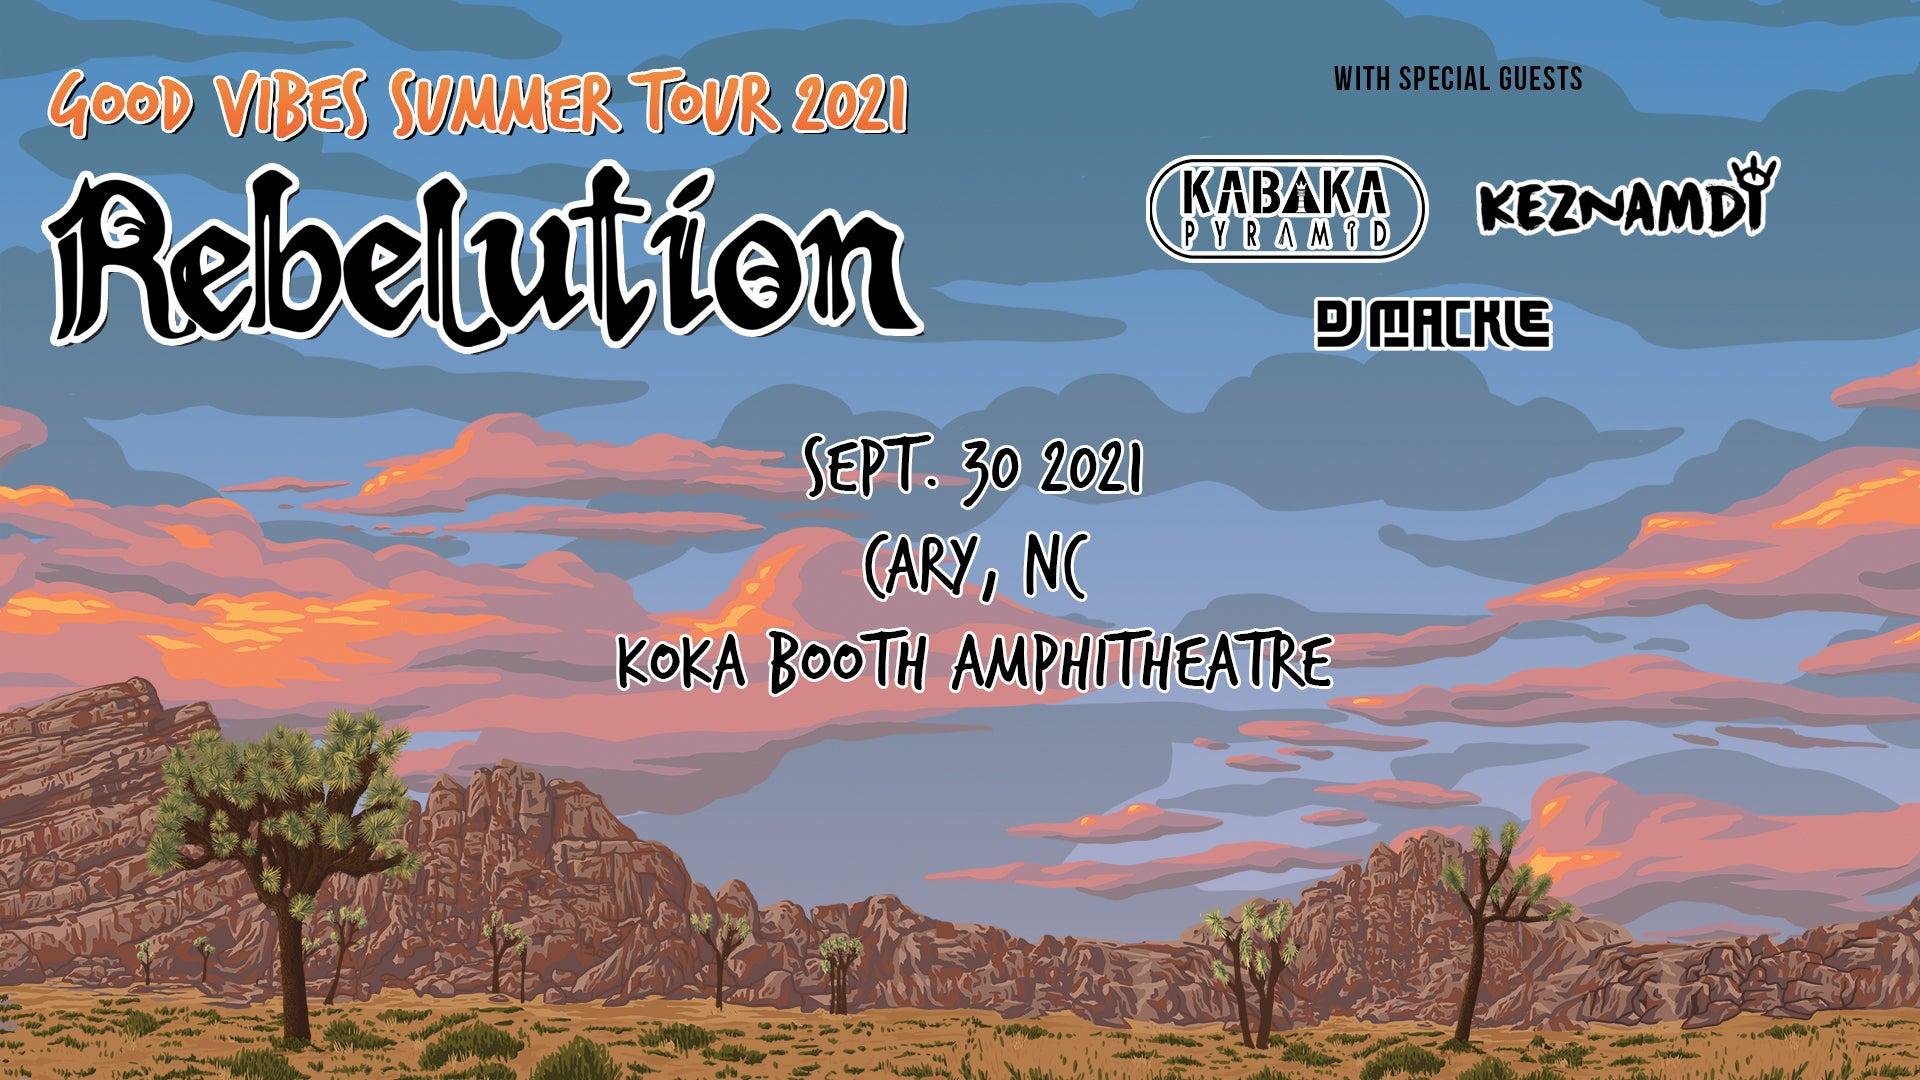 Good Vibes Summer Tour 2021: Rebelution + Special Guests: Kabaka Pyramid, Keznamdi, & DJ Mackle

...

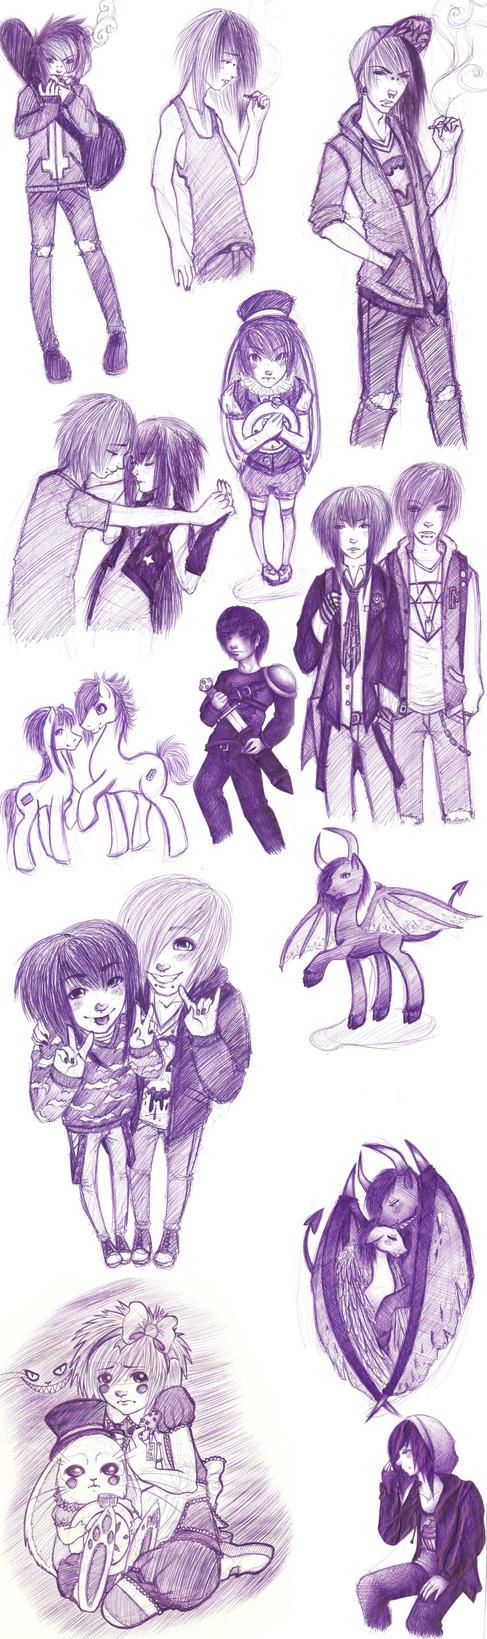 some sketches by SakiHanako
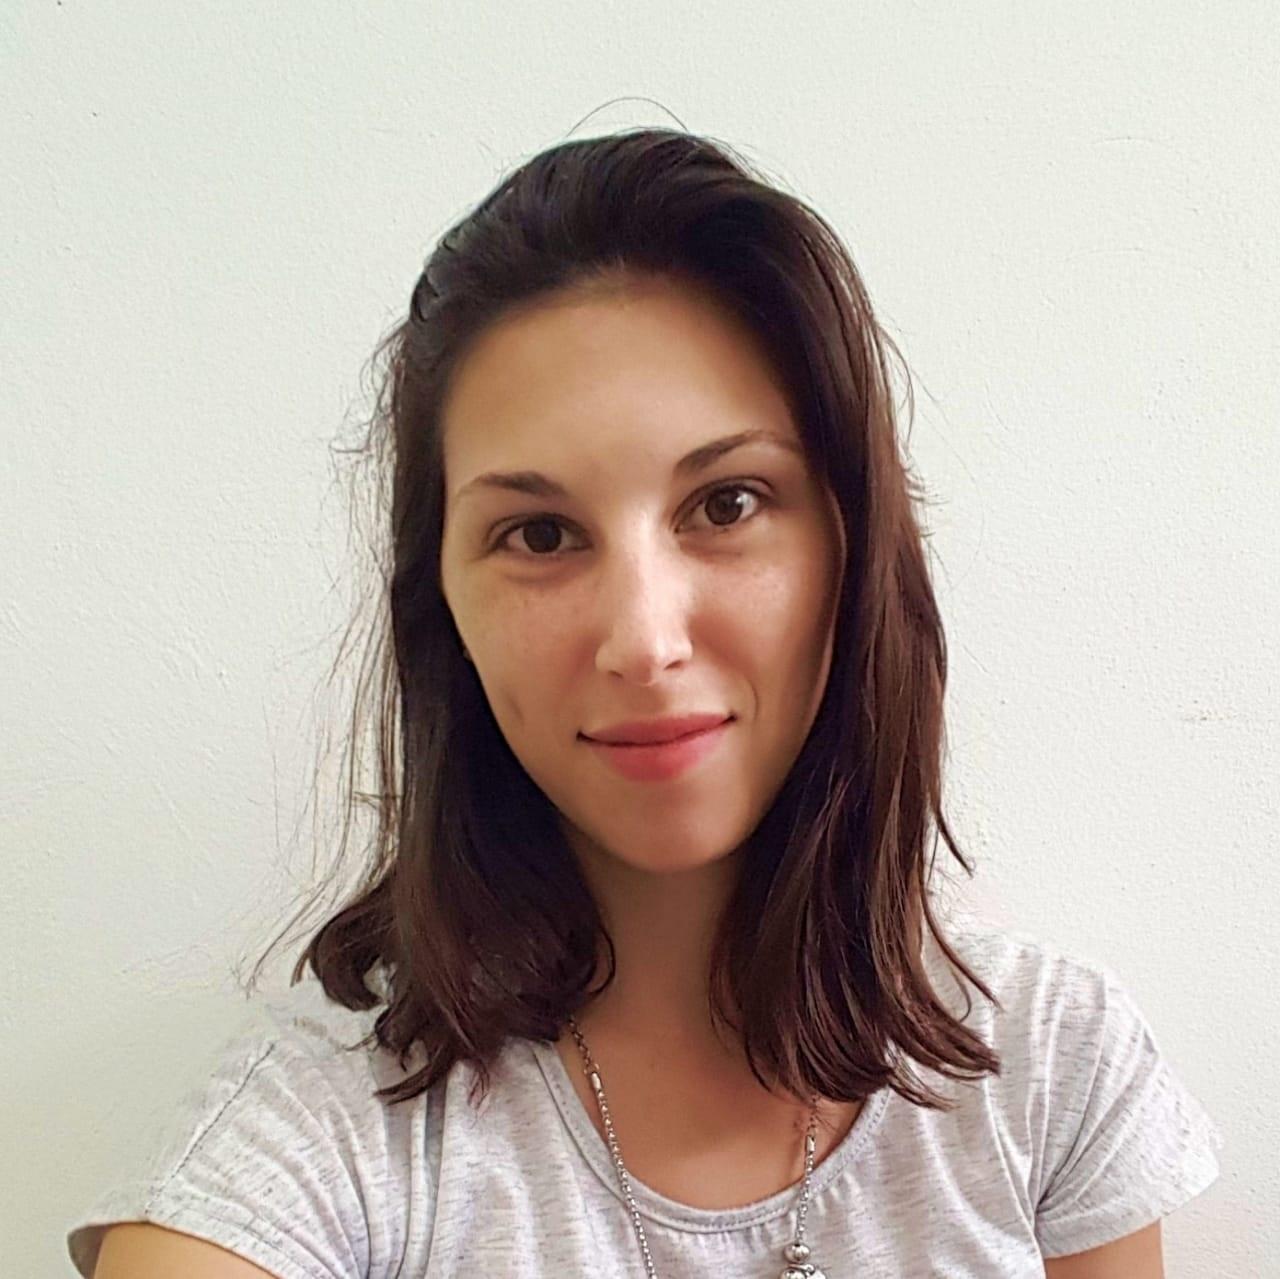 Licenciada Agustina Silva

- [Work order]: Return exactly the lines that appear in the data above between the line containing "some sketches by SakiHanako" and the line containing "Licenciada Agustina Silva", both of which are included, and leave the pictures out.

- [Result]:
 some sketches by SakiHanako
 Licenciada Agustina Silva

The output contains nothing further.